**TRY IT**
Starting at the top of the entries below, write out each line up to and including the one containing "Ernst Palme pair". Leave the pictures out.

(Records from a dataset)
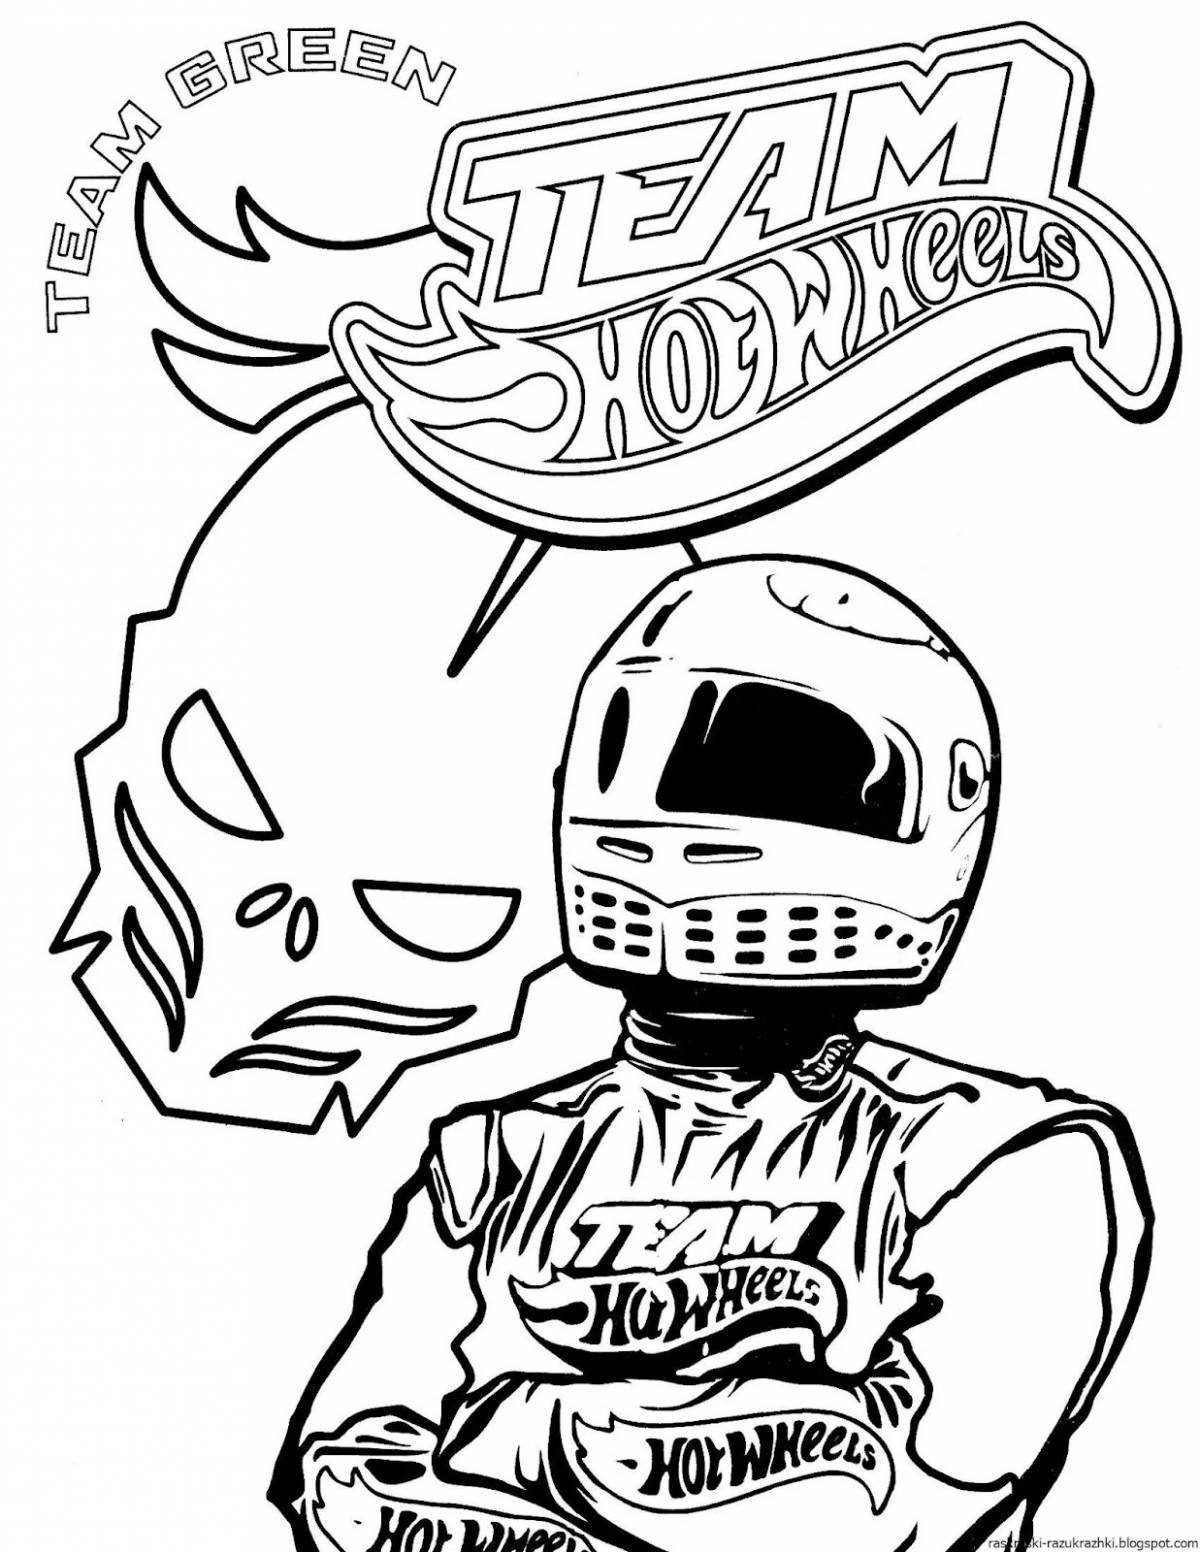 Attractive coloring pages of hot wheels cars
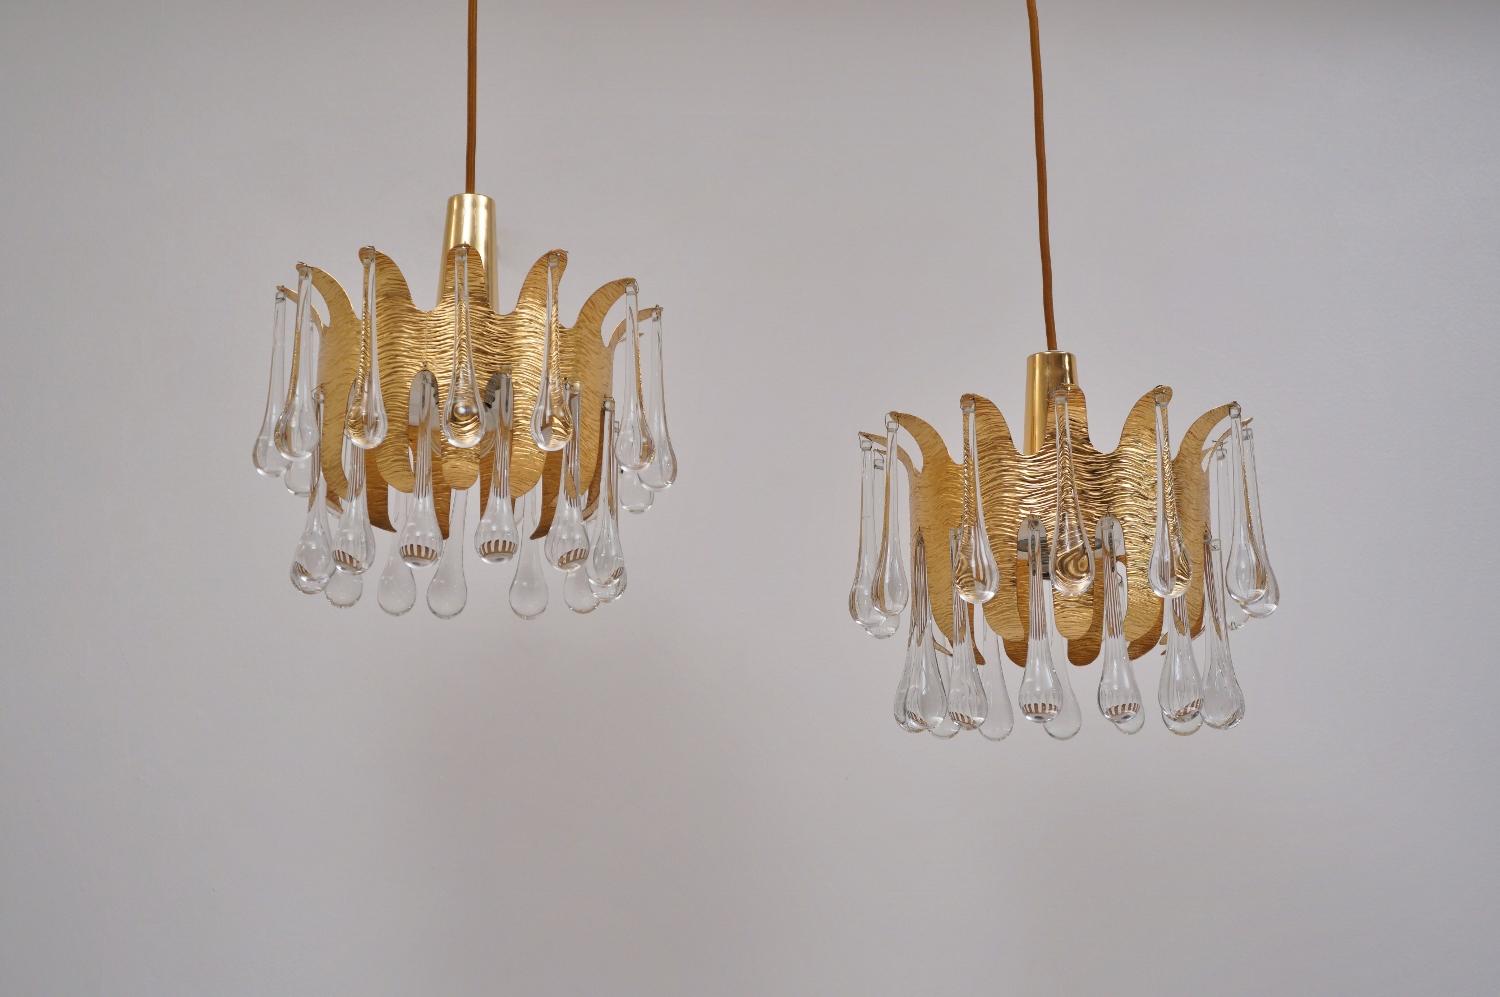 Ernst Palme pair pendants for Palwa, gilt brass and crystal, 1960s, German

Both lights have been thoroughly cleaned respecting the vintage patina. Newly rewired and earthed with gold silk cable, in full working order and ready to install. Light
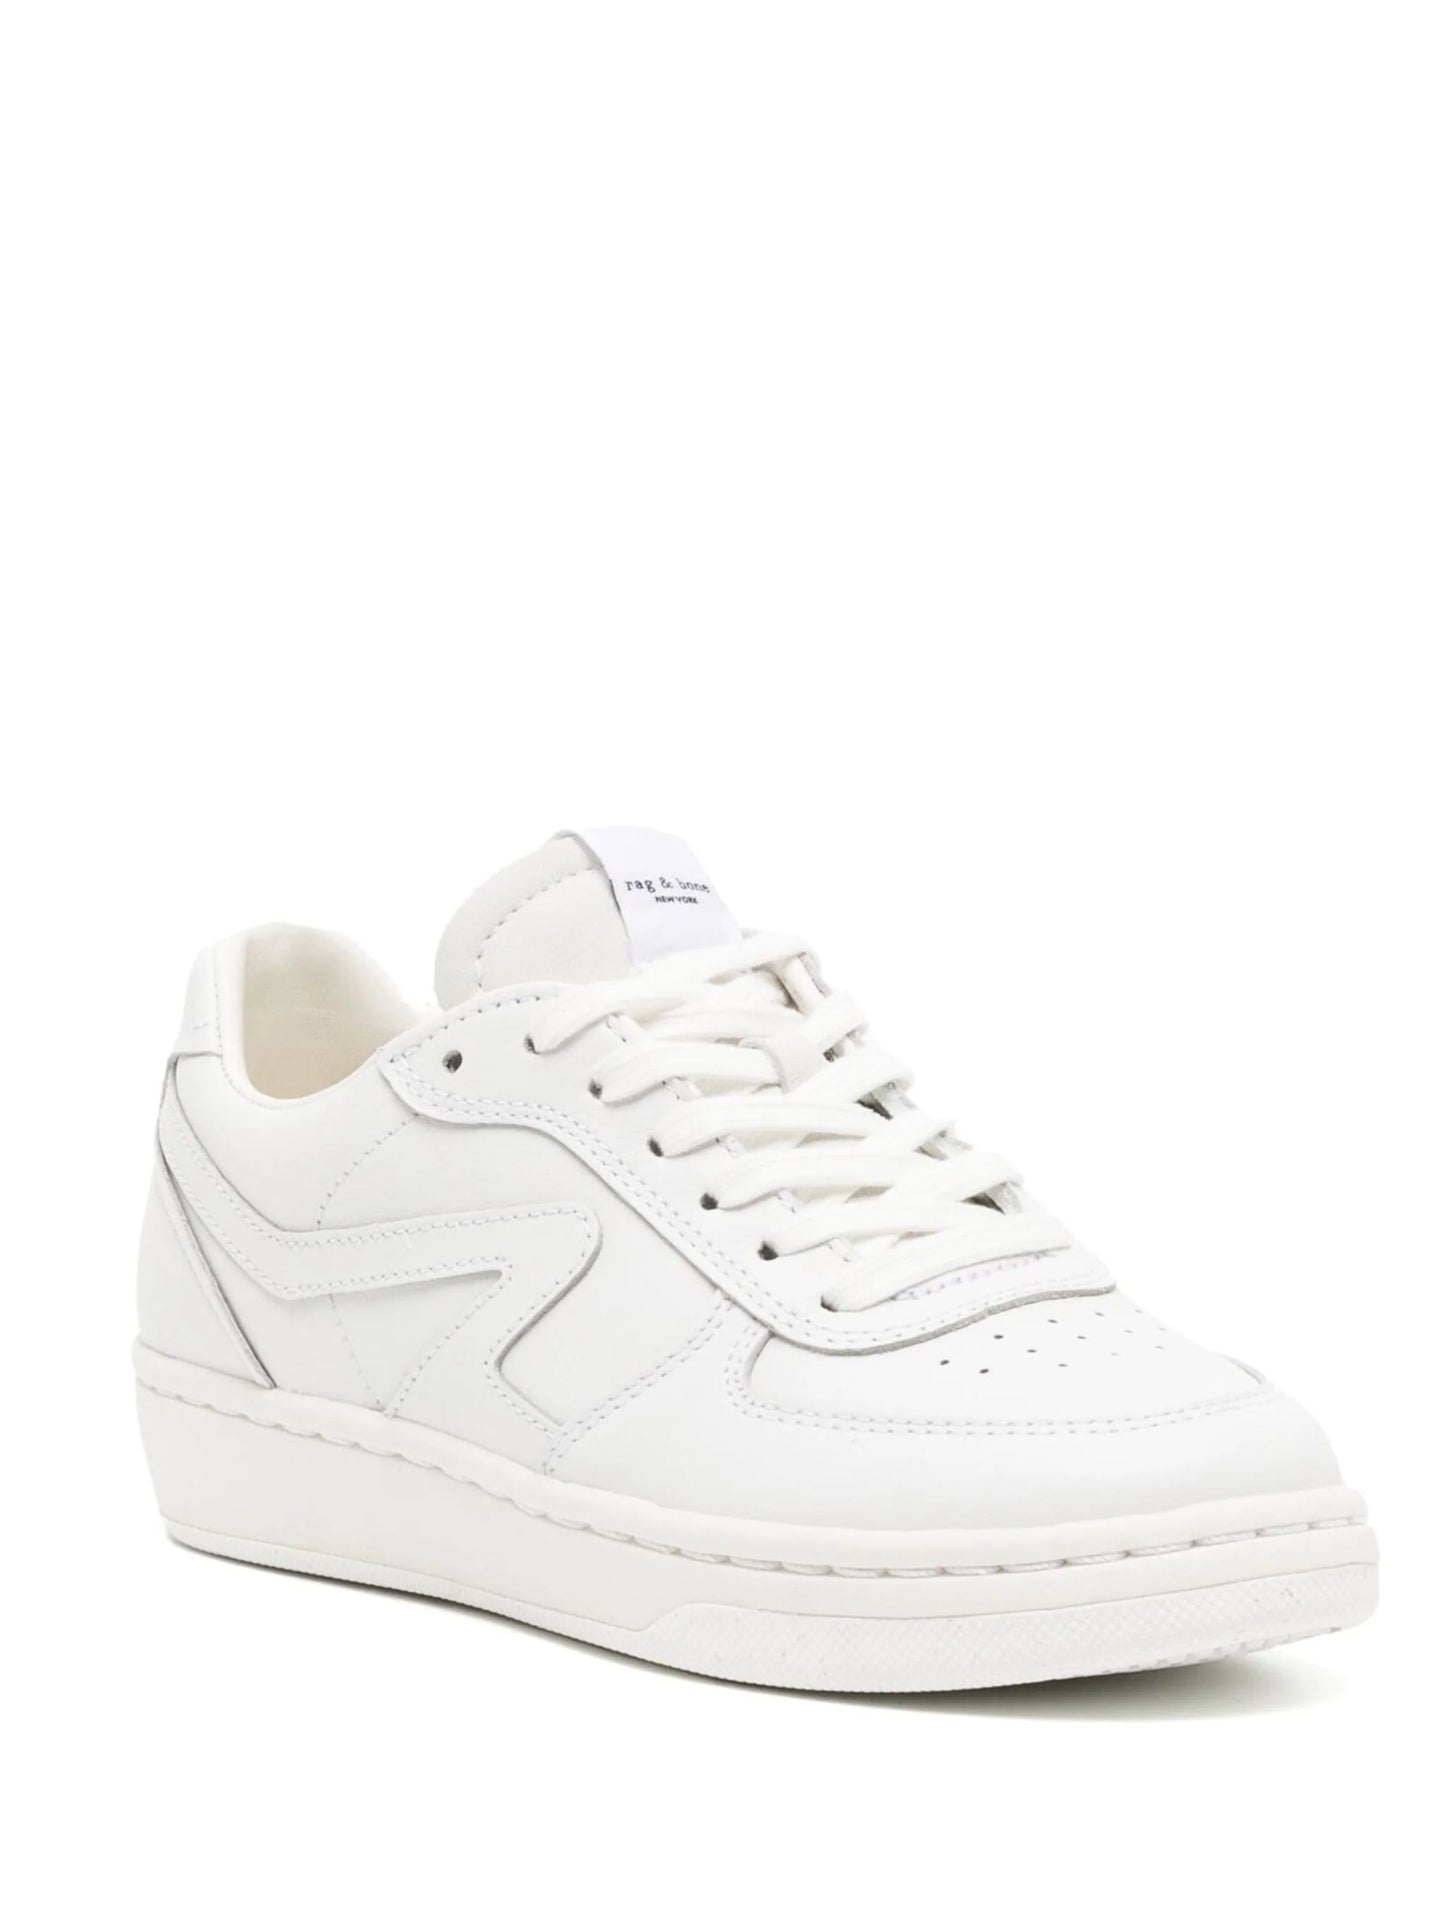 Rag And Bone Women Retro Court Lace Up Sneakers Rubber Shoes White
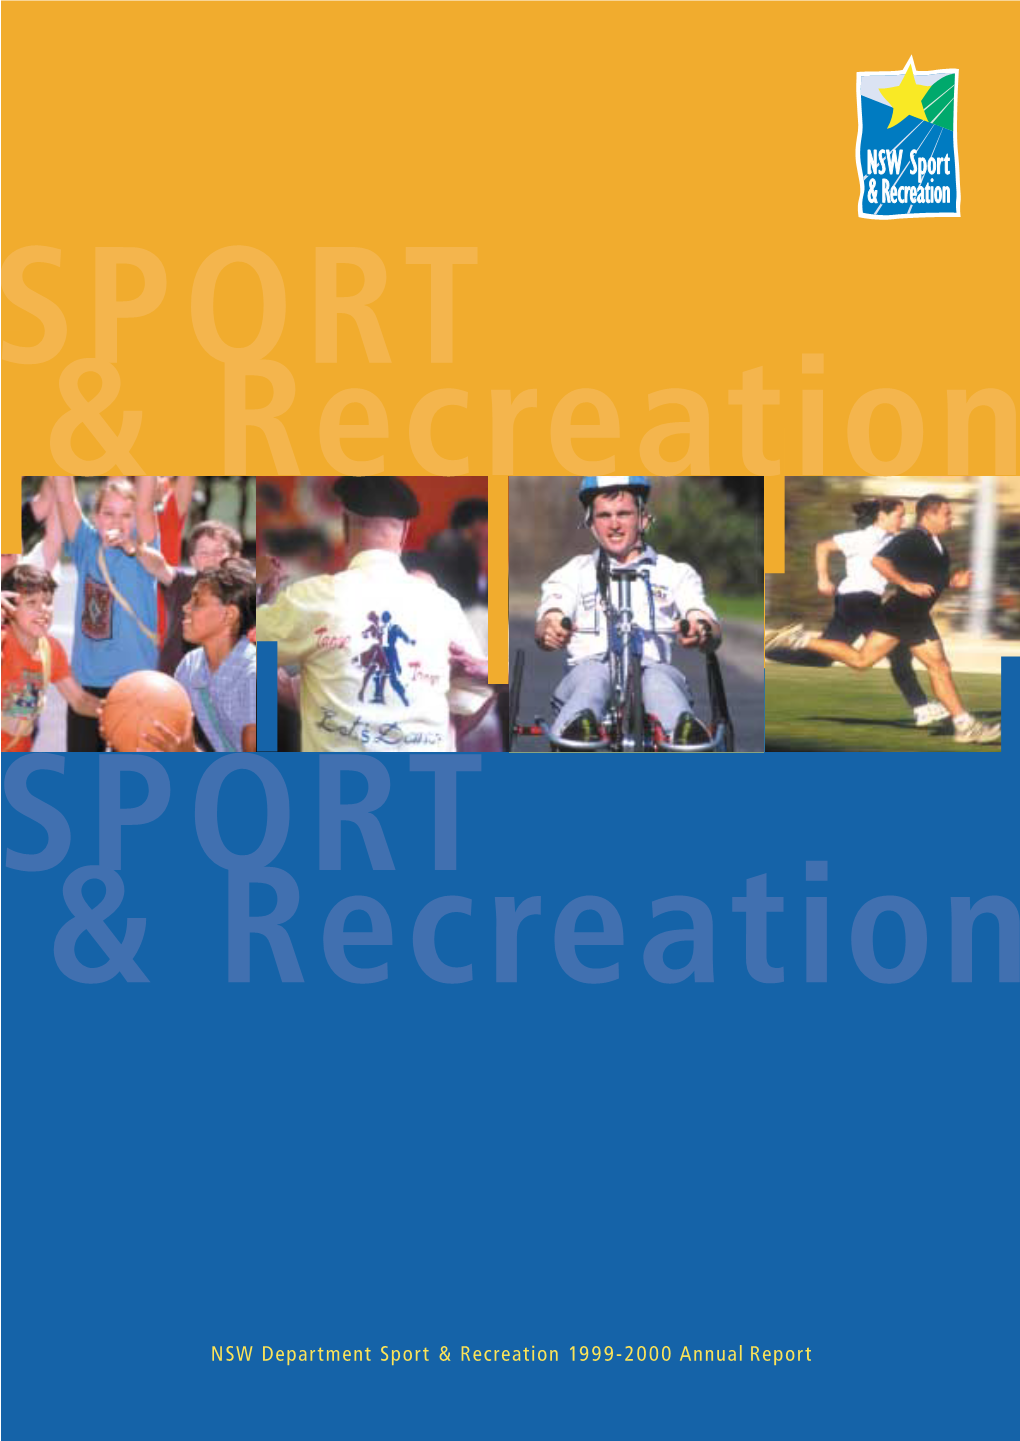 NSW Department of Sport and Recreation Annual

**WRITTEN RESPONSE**
 Attractive coloring pages of hot wheels cars
 Ernst Palme pair pendants for Palwa, gilt brass and crystal, 1960s, German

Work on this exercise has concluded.